MATLAB Answers

Batch processing a function

35 views (last 30 days)
Charlotte Findlay
Charlotte Findlay on 15 Jul 2019
Commented: Charlotte Findlay on 16 Jul 2019
I want to batch process the following for loop in my script (which contains a call to a function I wrote called 'interp').

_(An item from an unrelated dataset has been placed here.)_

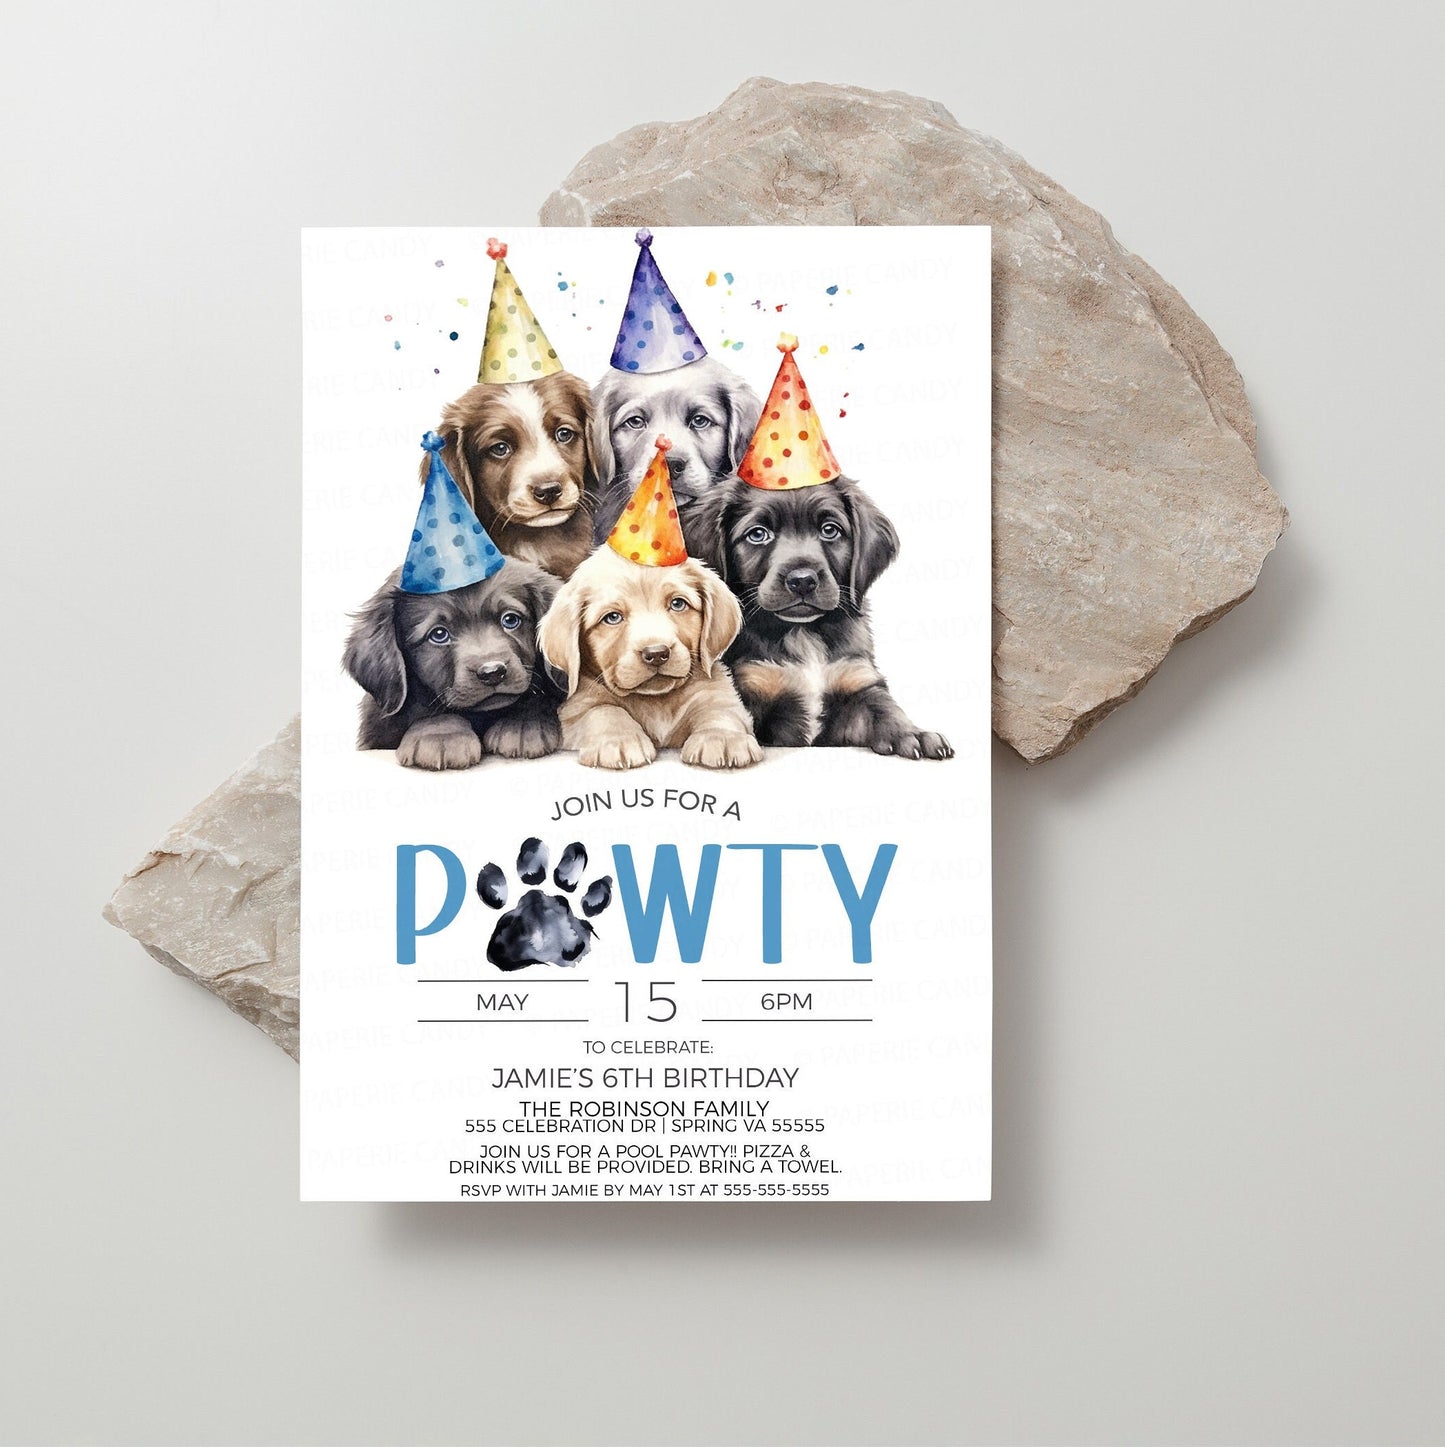 Puppy Invitation, Puppy Pawty Invite, Puppy Dog Birthday Party, Let's Pawty, Calling All Pawty Animals, Editable Printable Template

I need the loop to be repeated 120 times but split across 4 workers, and the function needs to call the correct data layer from 3D arrays [e.g. squeeze(bearing_rec(a,:,:))]. I would want the data to put produced at the end of each loop and saved as a .mat file.
Would anyone be able to help me with how to code this?
for a = 1:length(sourcelat) % sourcelat = 120
integral_area_size = squeeze(integral_area(1,:,:)); % integral area = 5396 x 5396
[integral_rec, Hc_rec] = interp(integral_area_size, rng, squeeze(bearing_rec(a,:,:)), squeeze(range_rec(a,:,:)), squeeze(H3(a,:,:)), squeeze(min_H(a,:,:)));
% Need to print output for each here
save(['F:/Outputs/Output_' num2str(a) '.mat'],'integral_rec', 'Hc_rec')
end

  0 Comments

Sign in to comment.

Answers (2)

Stephane Dauvillier
Stephane Dauvillier on 15 Jul 2019
You need to use the batch function:
j = batch('yourScriptName','Pool',4);
And replace the for loop by a parfor loop.
Be careful: if you want your batch to be perform on 4 worker you will need 5 core as one is dedicated to launch the job.
Be careful²: if you have already strated a MATLAB pool before, then you will have fewer available worker for your batch job. Suppose you have 12 total worker and you already open a pool on 8 workers then your batch can only have 12-8 = 4 worker and since once will be dedicated to launch the job you have only 3 available worker
Be Careful^3/ save function is not allowed in parfor loop

  1 Comment

Charlotte Findlay
Charlotte Findlay on 15 Jul 2019
Hi Stephane,
Okay thanks for this so if the script has more non-looped components to create components for the for loop, the batch call wouldn’t be affected by this?
Also is it possible to use an alternative to ‘save’ I can use? I need the different output to be saved in mat files after it finishes each of the 120 iterations, so if I can’t use save I’m not sure how else I would save the outputs integral_rec and Hc_rec!

Sign in to comment.


Stephane Dauvillier
Stephane Dauvillier on 16 Jul 2019
With the batch function, your script will be executed on your PC as it is. The onlyu difference is your current MATLAB session won't be freeze.
If your script don't use parallel, your batch won't.
To launch the execute script on a pool of 3 workers (+1 for creating the job)
job=batch("execute","Pool",3);
if you want to see the state of your job
job.State
When the answer is finished that mean you can retrieve the result
Result = load(job)
N = Result.N ;
foo = Result.foo;
If the file execute is the following
N=10;
% Use cell array in order to save your results
foo = cell(N,1);
parfor i=1:N
foo{i} = peaks(i) ;
end
So if you want to save your result in a mat file, just do the following (at the end of your script of after retrieving the result
for i = 1:N
data = foo{i} ;
save(['mySaved',num2str(i,'%02i')],'data')
end
Note that the job (and its result will still be in memory) even when closing MATLAB. In order tio clear it from memory
delete(job)

  5 Comments

Show 2 older comments
Charlotte Findlay
Charlotte Findlay on 16 Jul 2019
Okay I've tried running this but I get the following error:
>> job=batch('Interp_Hc_H3_20190612_MultipleSites.m', 'Pool', 3);
Error using batch (line 187)
An unexpected error occurred accessing properties: "CaptureDiary" "CreateDateTime" "CreateTime" "DependentFiles" "Diary" "Error" "ErrorIdentifier"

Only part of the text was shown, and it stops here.